- Interactive map of Todoroki Shell Midden
- 32°40′48″N 130°38′27″E﻿ / ﻿32.68000°N 130.64083°E
- Type: shell midden
- Periods: Jōmon period
- Location: Uto, Kumamoto, Japan
- Region: Kyushu

Site notes
- Public access: Yes (no facilities at site)

= Todoroki Shell Mound =

The Todororoki Shell Midden (轟貝塚, Todororoki kaizuka) is an archaeological site in what is now the Miyanosho-cho neighborhood of the city of Uto, Kumamoto Prefecture, Japan with an early Jōmon period shell midden. The site was designated a National Historic Site in 2022 by the Japanese government.

==Overview==
During the early to middle Jōmon period (approximately 4000 to 2500 BC), sea levels were five to six meters higher than at present, and the ambient temperature was also 2 deg C higher. During this period, Kyushu was inhabited by the Jōmon people, many of whom lived in coastal settlements. The middens associated with such settlements contain bone, botanical material, mollusc shells, sherds, lithics, and other artifacts and ecofacts associated with the now-vanished inhabitants, and these features, provide a useful source into the diets and habits of Jōmon society. Most of these middens are found along the Pacific coast of Japan; however, this site is located at the edge of a low plateau at the base of the Uto Peninsula., facing the Ariake Sea.

The Nishiokadai portion of the shell mound has been excavated four times from 1919 to 1966. It consists mainly of oysters, cockles, and short-necked clams.

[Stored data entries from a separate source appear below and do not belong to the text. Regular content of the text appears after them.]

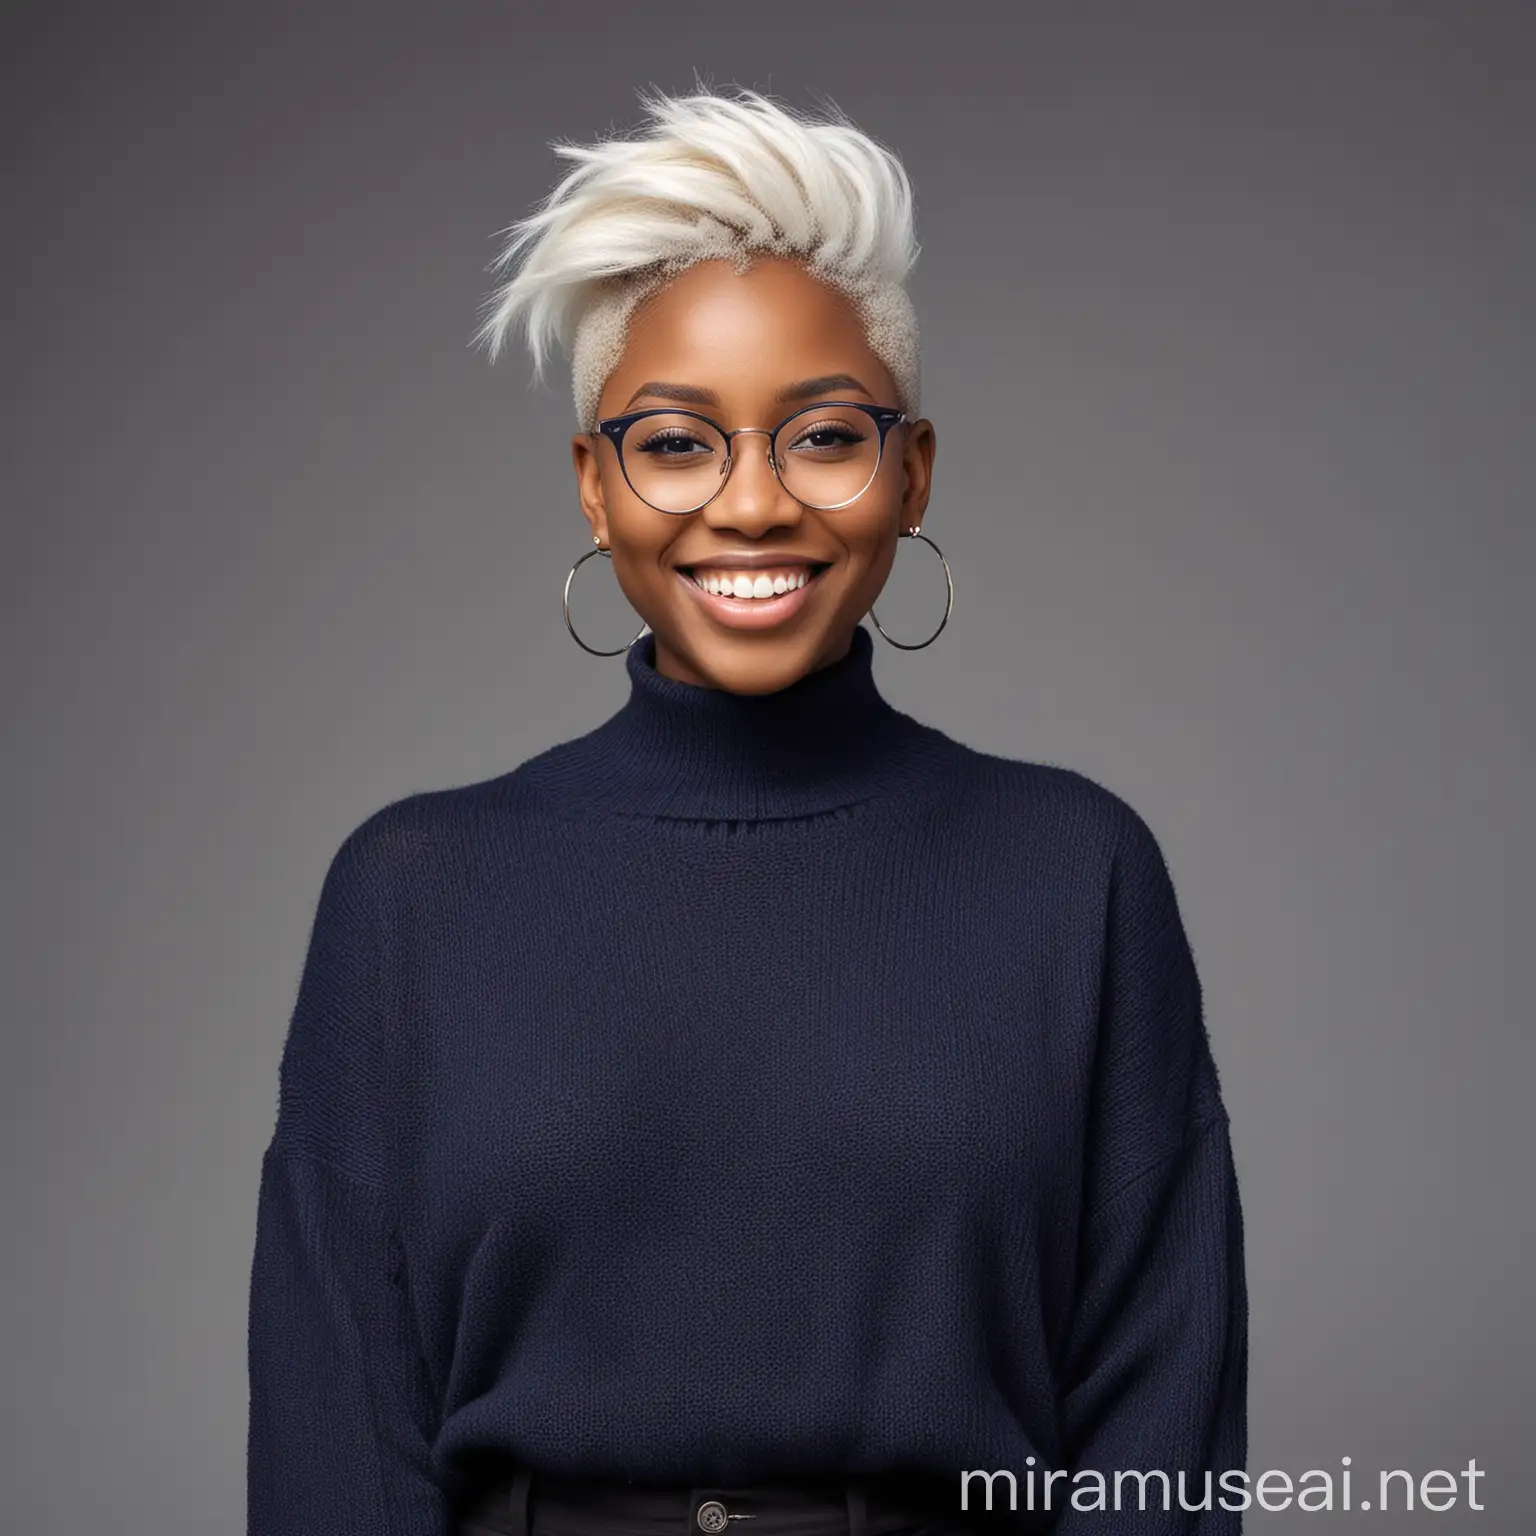 Stylish Nigerian Woman in Blue Sweater with Undercut Hair and Glasses Smiling for Camera
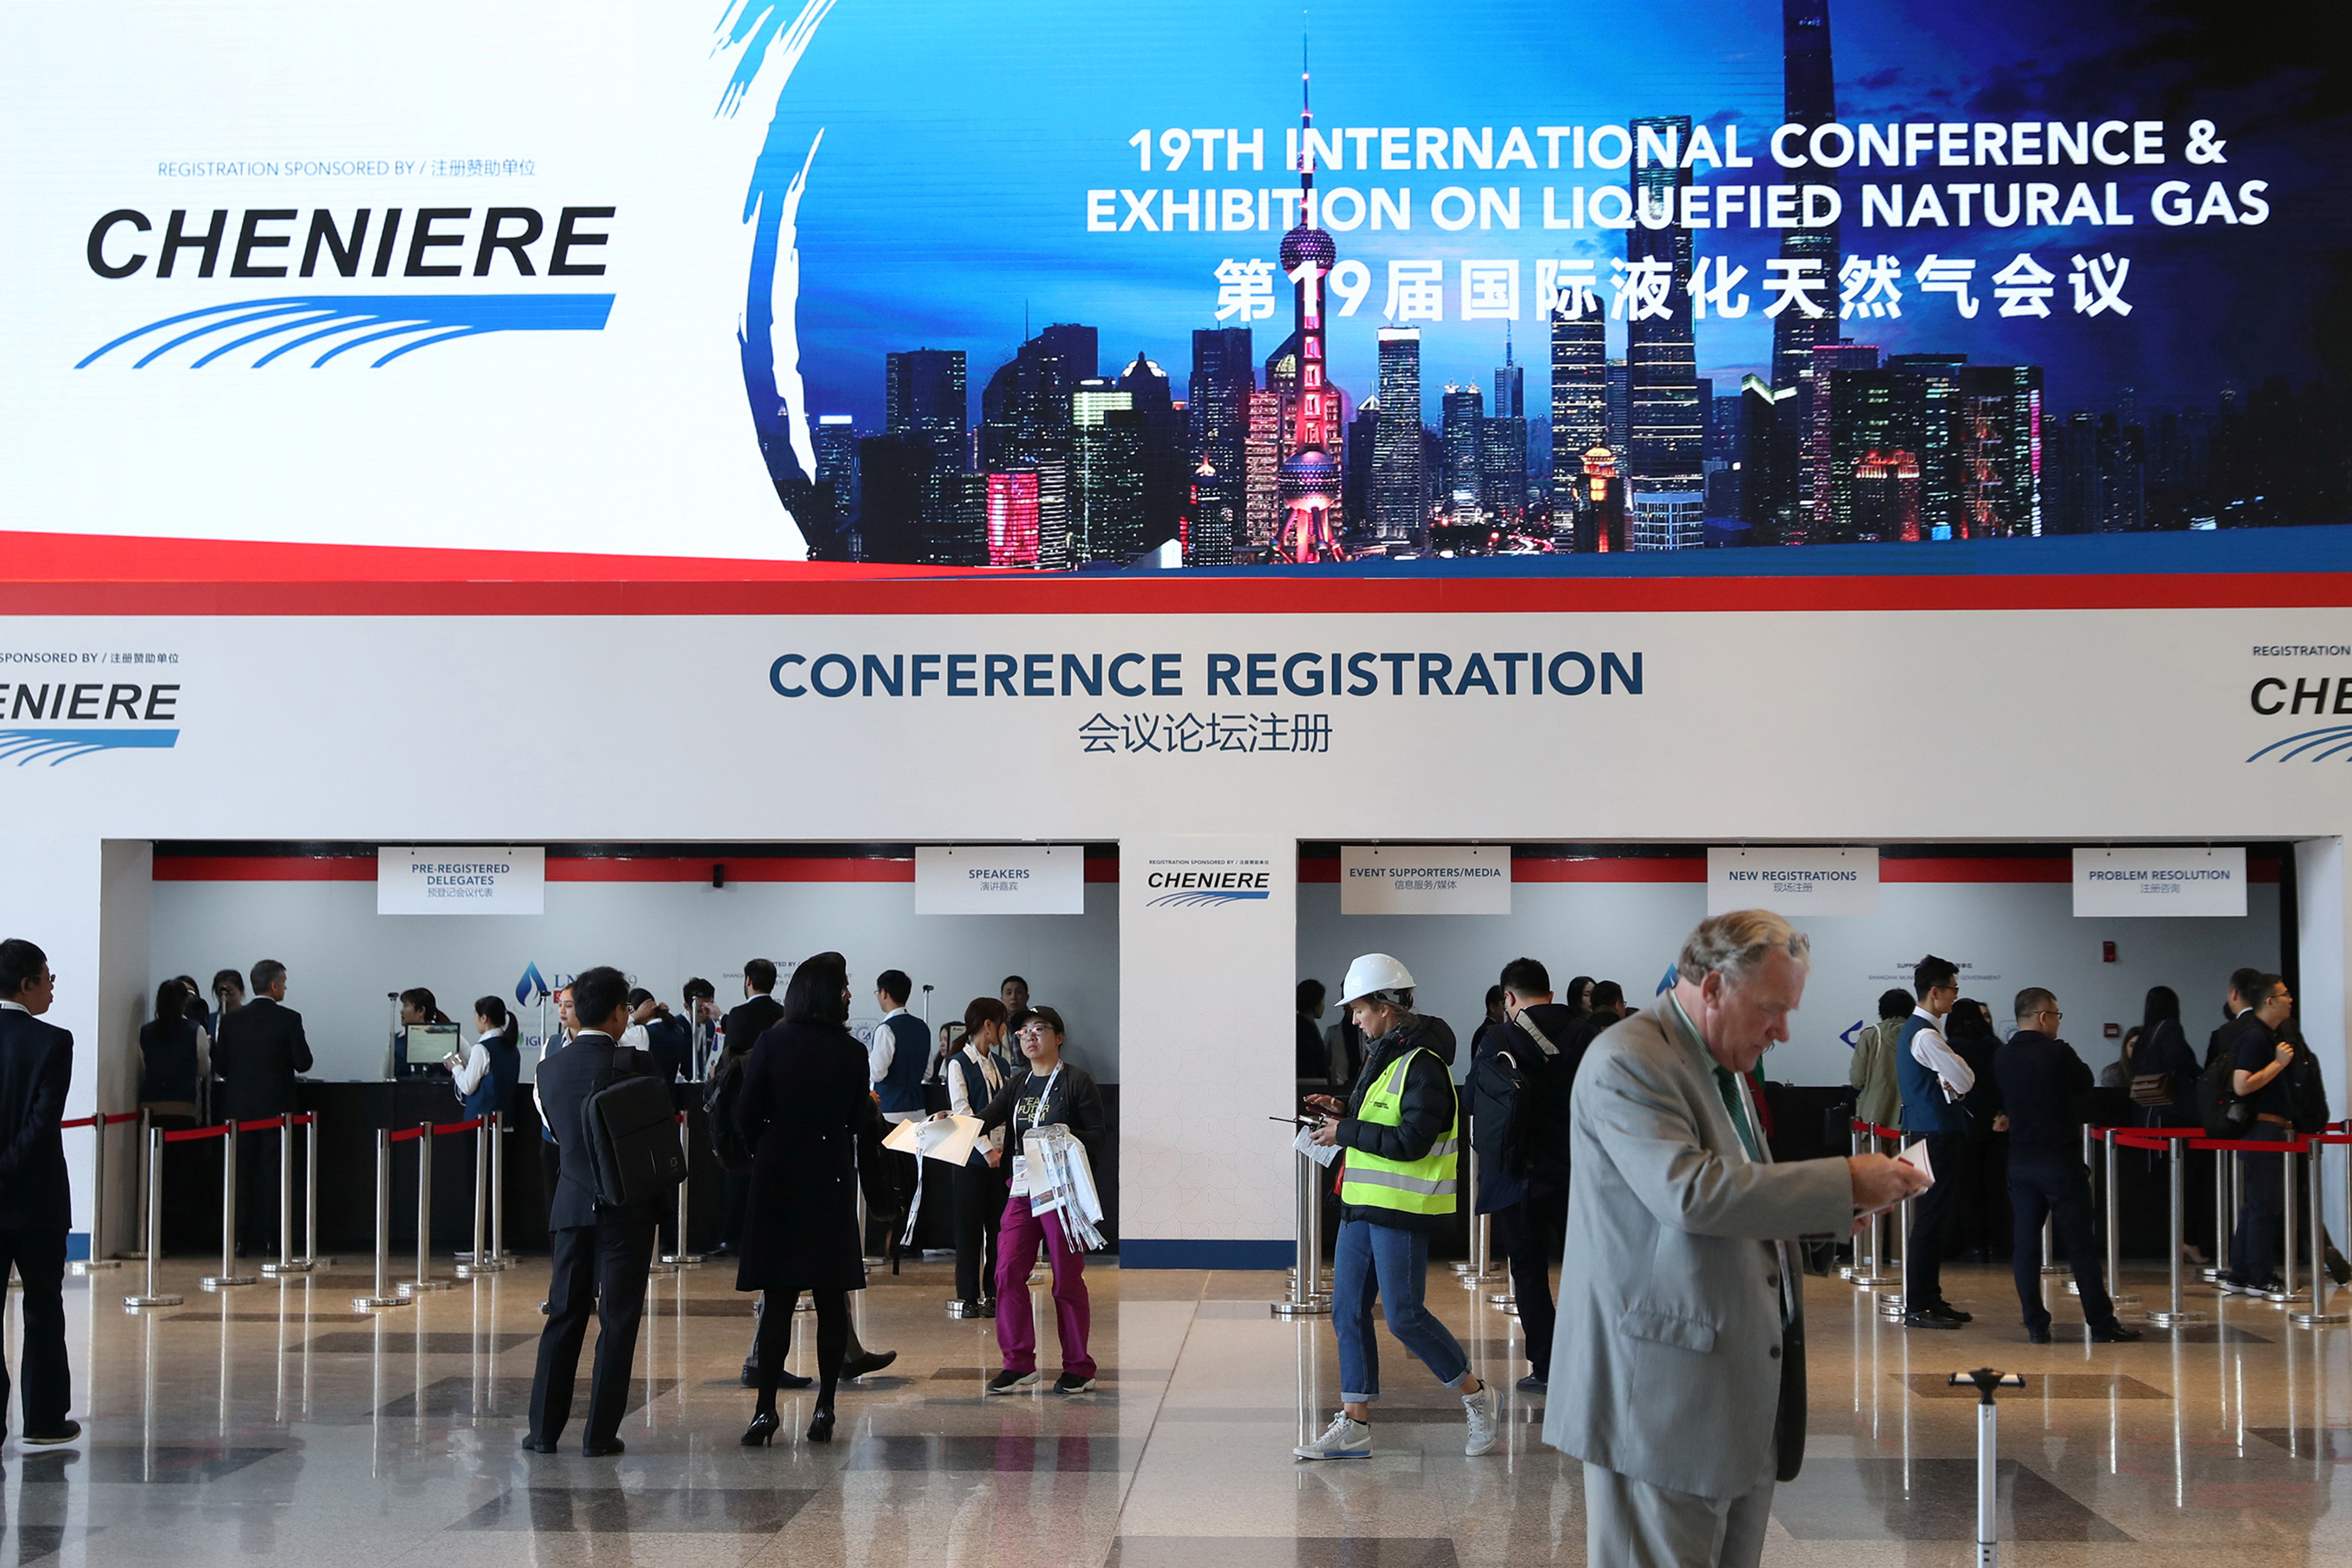 Sign of U.S LNG company Cheniere is seen at the registration counter at the International Conference & Exhibition on Liquefied Natural Gas (LNG2019) in Shanghai
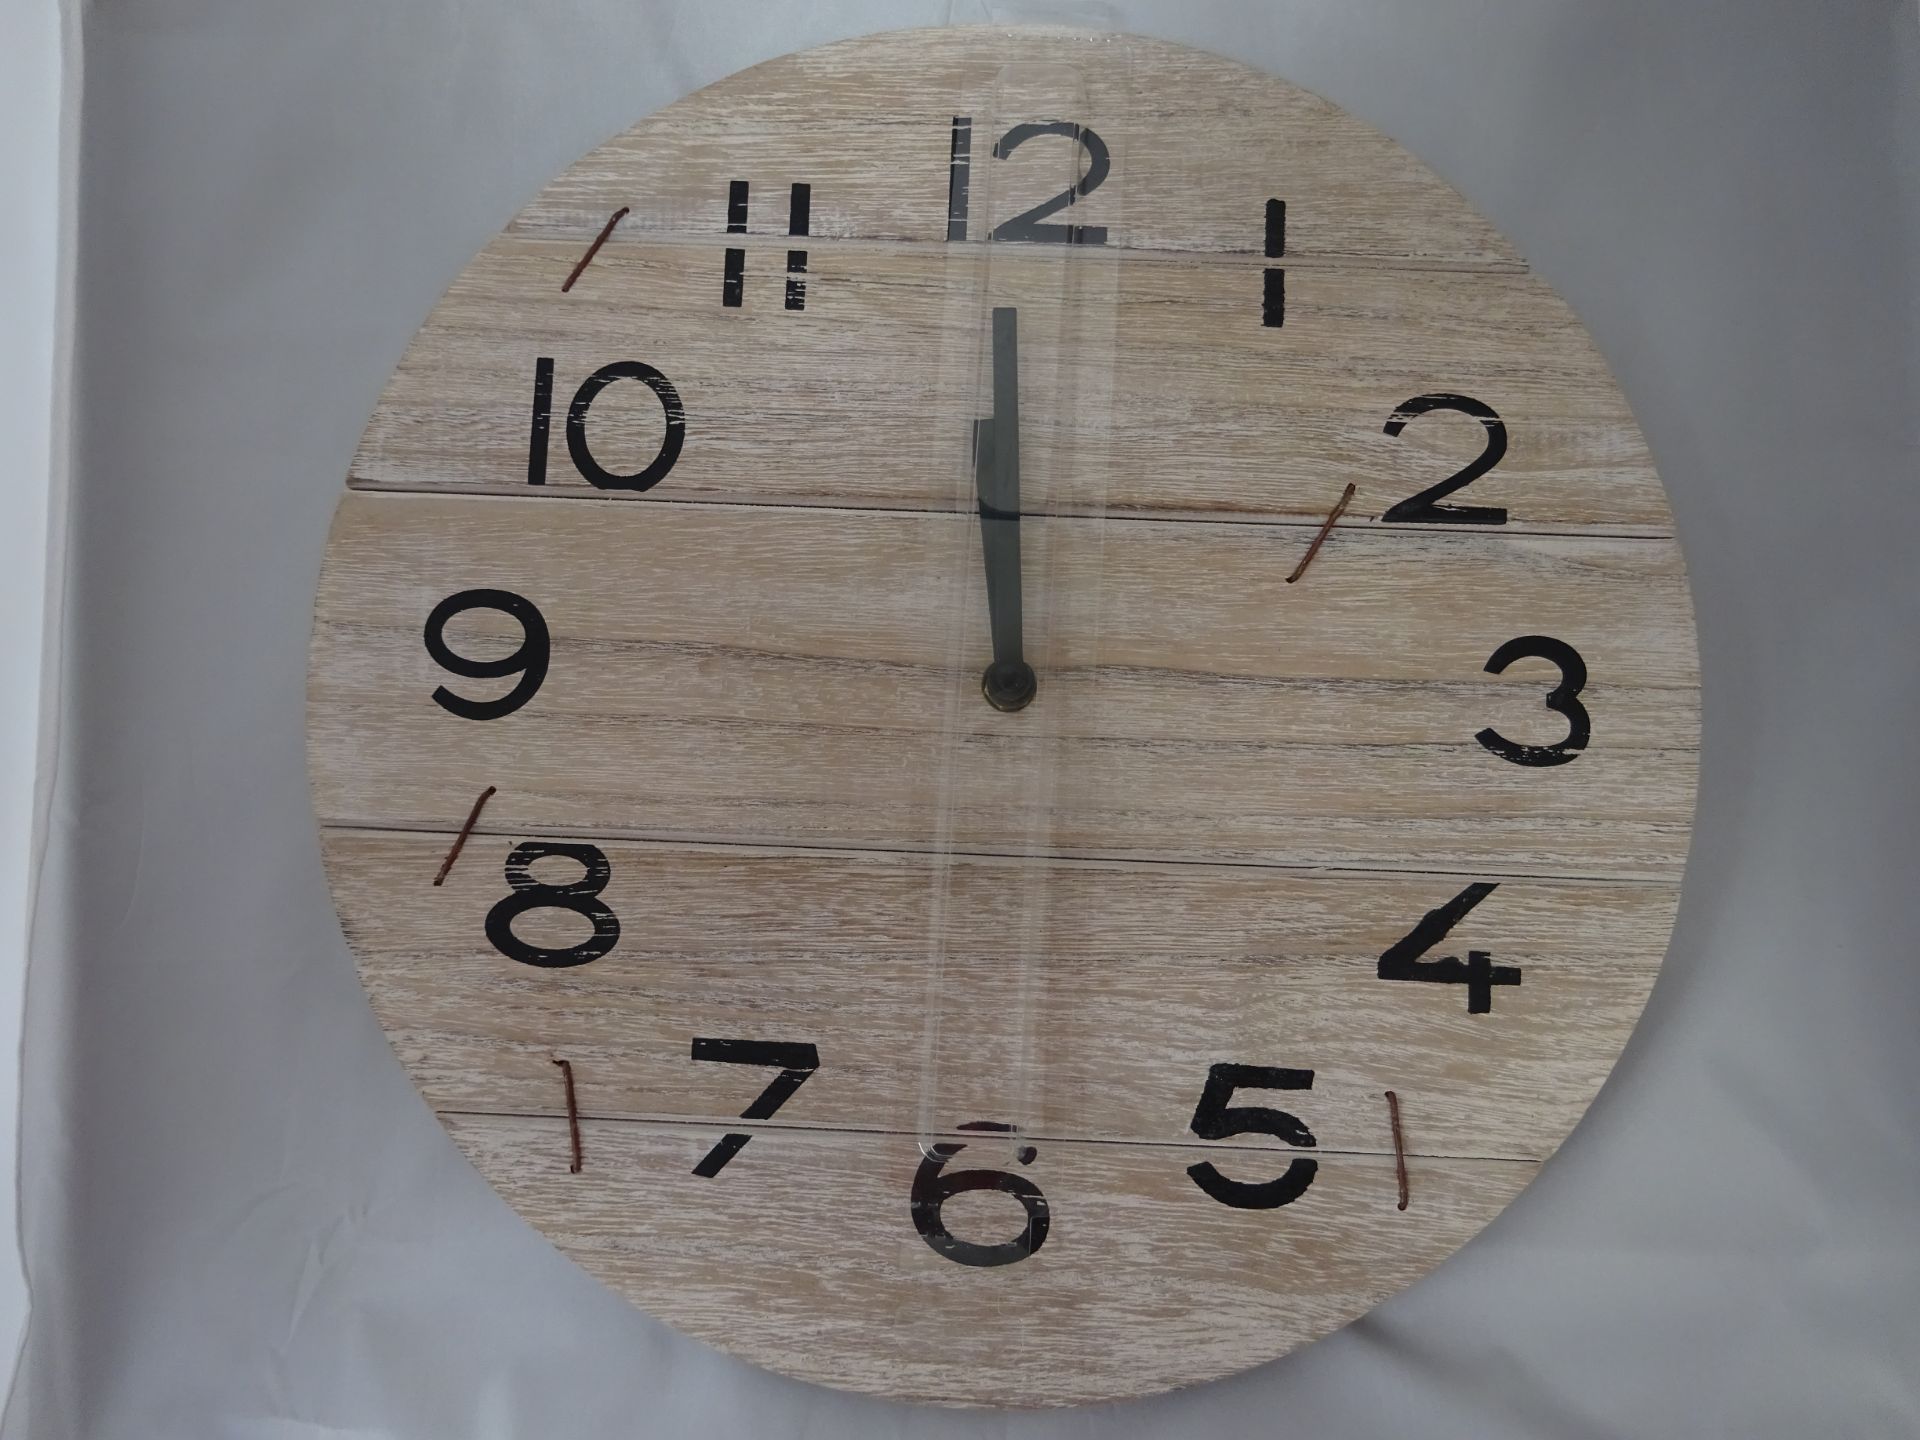 New WOODEN WHITE WASH WALL CLOCK in original box - Image 2 of 2

There is also a series of middens in the Susaki area on the opposite bank across a narrow lowland, and both sites together are consisted to be the "Todoroki Shell Mound". Jōmon pottery from this site from the early Jōmon period (approximately 7,500 years ago) to middle Late Jōmon period (approximately 3,500 years ago) has been classified it into four types: Type A has a twill-like streaky pattern, Type B has several clay bands attached under the rim, Type C has several sunken lines to create curved patterns on the streaked areas, and Type D has sunken lines made with two units of writing tools and horizontal arcs created by continuous piercing. This "Todoroki-style earthenware", has been widely excavated in western Japan and known nationwide an indicator for determining the age of Jōmon period ruins. Excavations have also uncovered a large number of buried human bones.